Back then, wild, in the sense of wilderness, meant anywhere that I’d not yet explored, which, to be honest, was most of the world. And wild, in the sense of wildlife or wildflowers, meant anything that was neither domesticated nor cultivated. In other words, perhaps because my family was not well travelled, my sights on what constituted wild were not set very high. In my little world, wildness was everywhere around me. Looking back later in life, I felt this was a valuable lesson because it taught me that nature; the landscape; the environment, doesn’t need to be exotic to be wild (and therefore important). From that knowledge came a much deeper understanding. A sense of wildness is often far more about the environment in which nature and the landscape sits than it is about the object or place itself.

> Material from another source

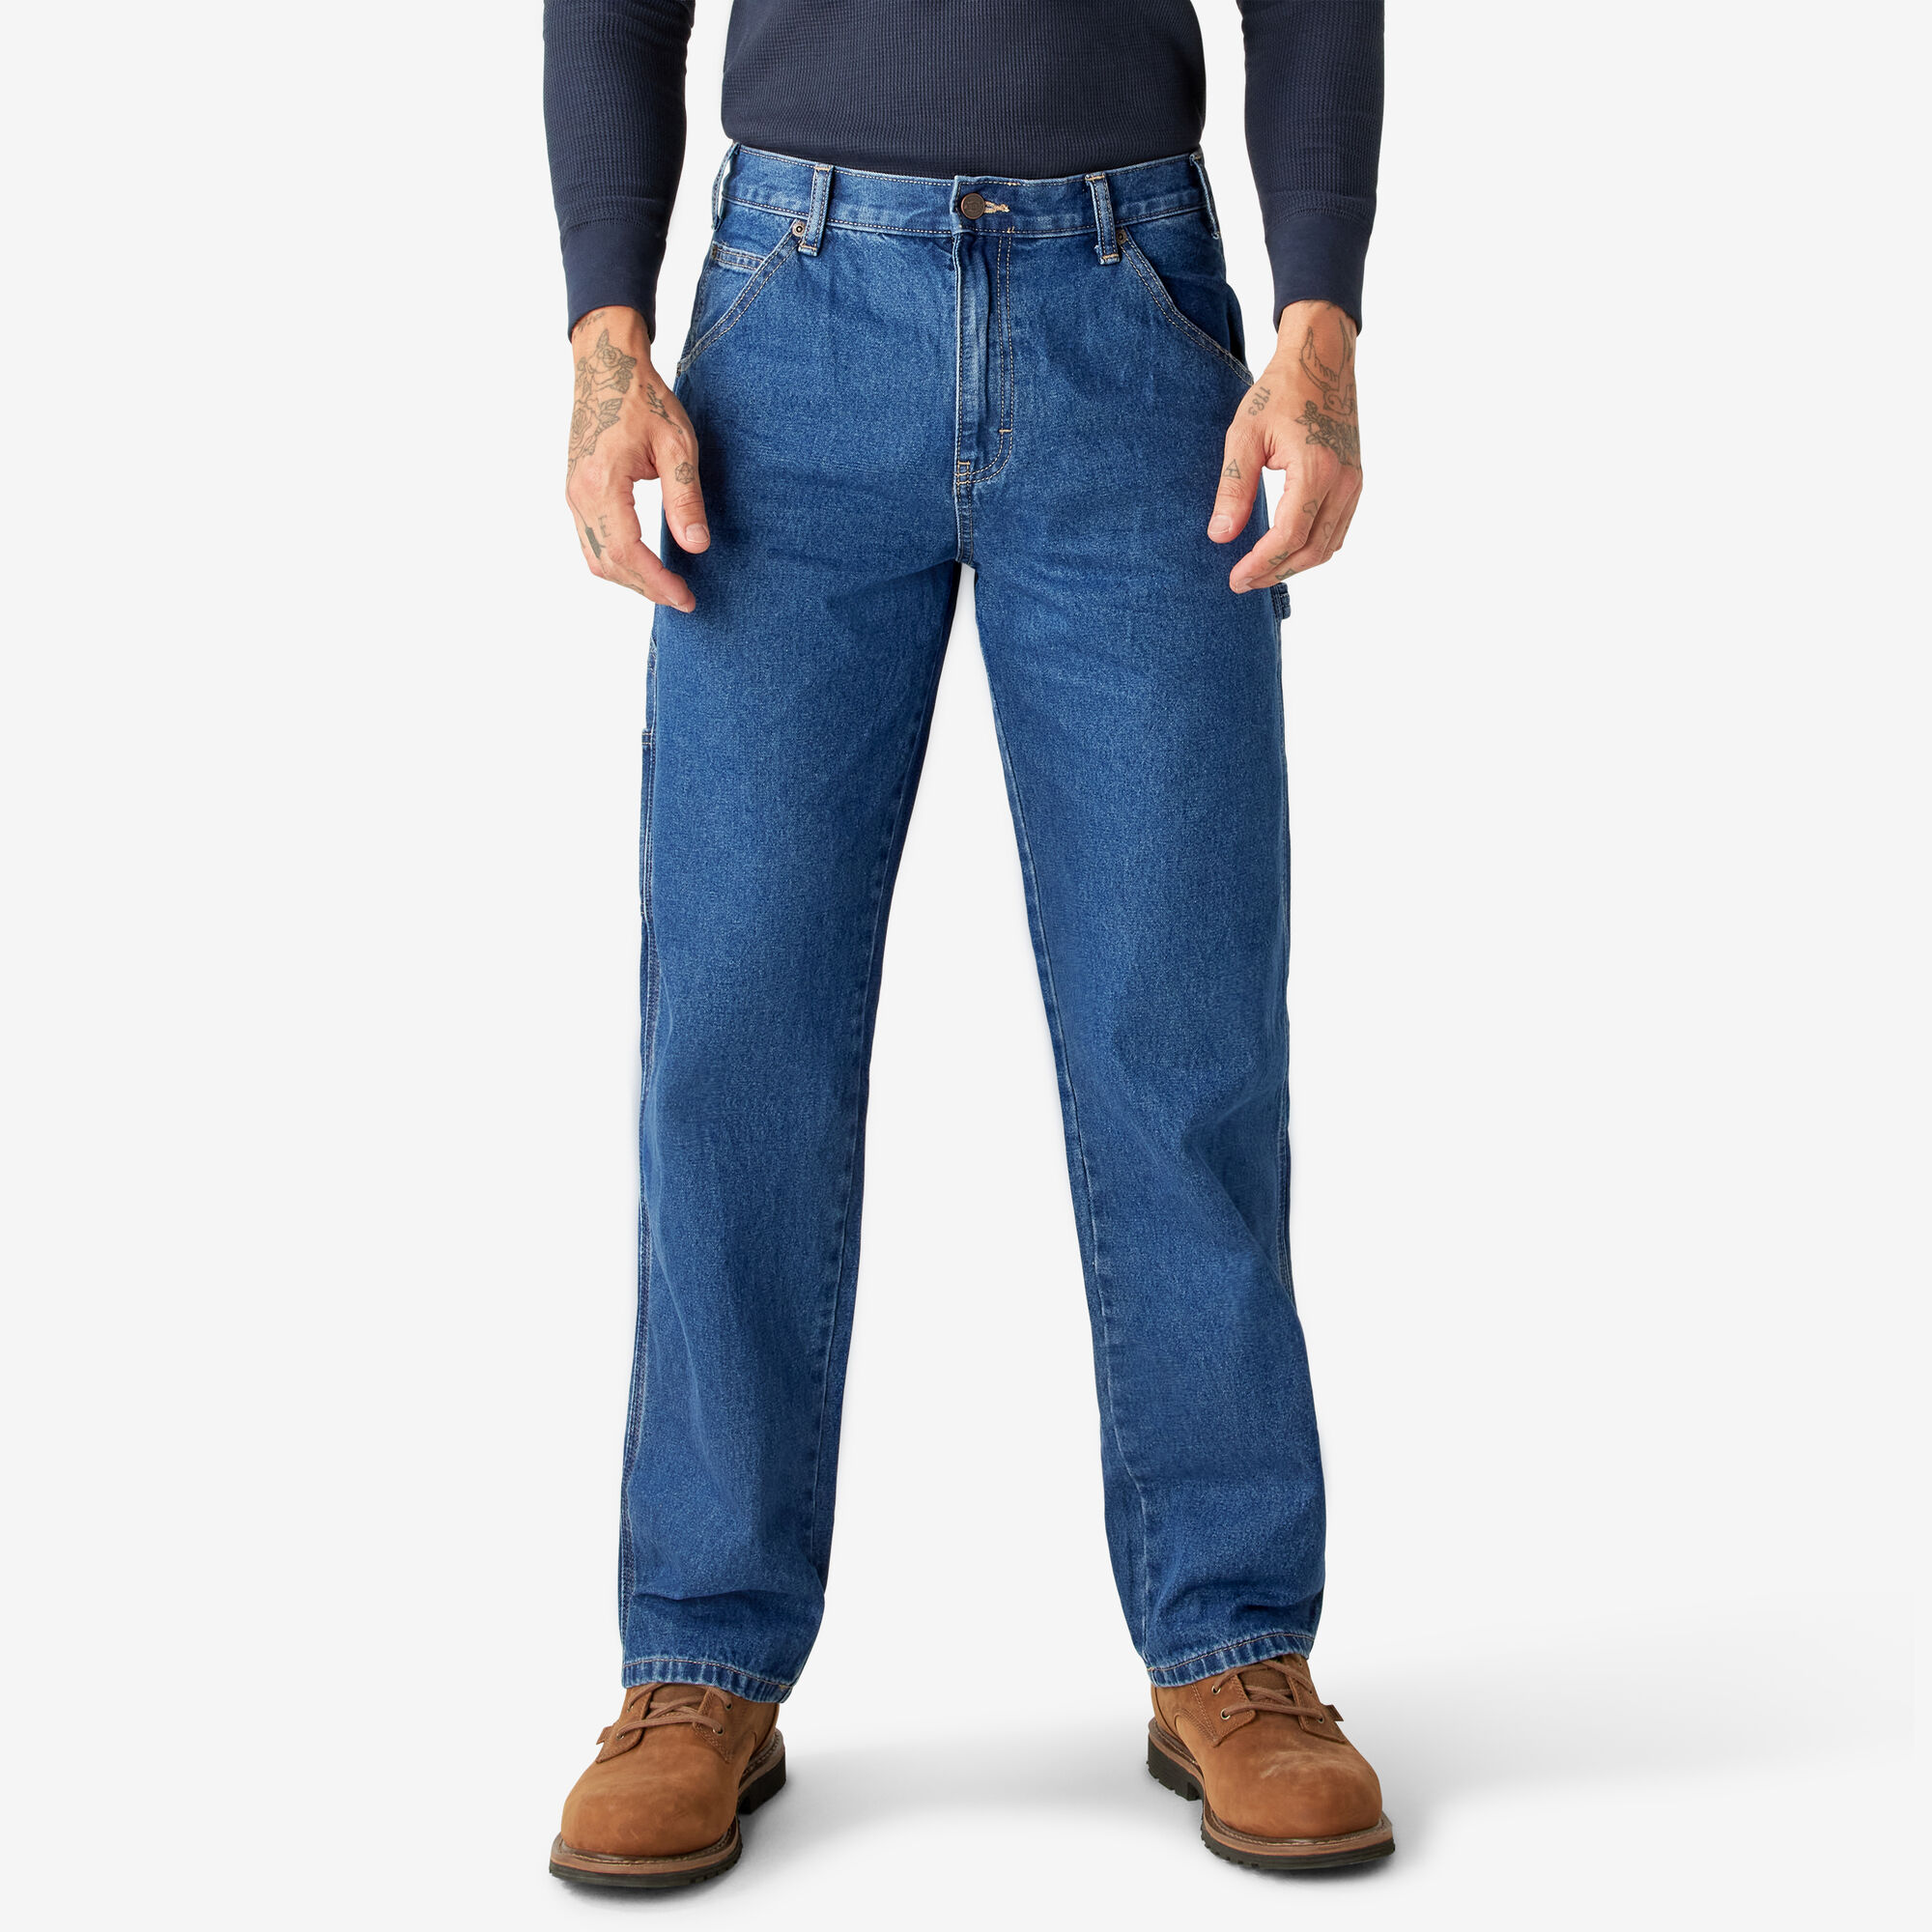 Gezond Botsing Sneeuwwitje Relaxed Fit Carpenter Jeans | Mens Jeans | Dickies

What I mean by this is that wildness emanates from the elements that envelop a place rather than from the actual subject. We can find as much that is wild in our own backyards as we can anywhere else. Of course, what we really want is for our images to pack a punch and, for that, we need them to be dramatic. The element of drama is added by such things as the weather, the texture of the rock, the time of day, the behaviour of whatever it is we have in our viewfinder, or, even, from somewhere within our own imagination.
Indeed, I would say that weather — bad weather — evokes more emotion in an image than almost anything else. In the blink of an eye, the raw power of weather at its fiercest makes wild places out of previously pastoral scenes. We human beings seem to be especially drawn towards images that contain an element of danger: vertiginous drops, storm force waves crashing over lighthouses, and frightening or venomous creatures, to name but a few.
But wild places exists amongst the grunge and grit of the streets, too. As with the natural world, it’s the wild side of town that delivers the greatest impact. Scenes that depict the harshness of life in the city tell a far more powerful story than a gentle park scene — though here, too, it only takes a small adjustment in how the shot is composed to shift it from passive to active.
In conclusion, a wet day in your own backyard is as likely, if not more likely, to deliver impactful photographs than anything taken after waiting for the sun to come out before going on a day trip.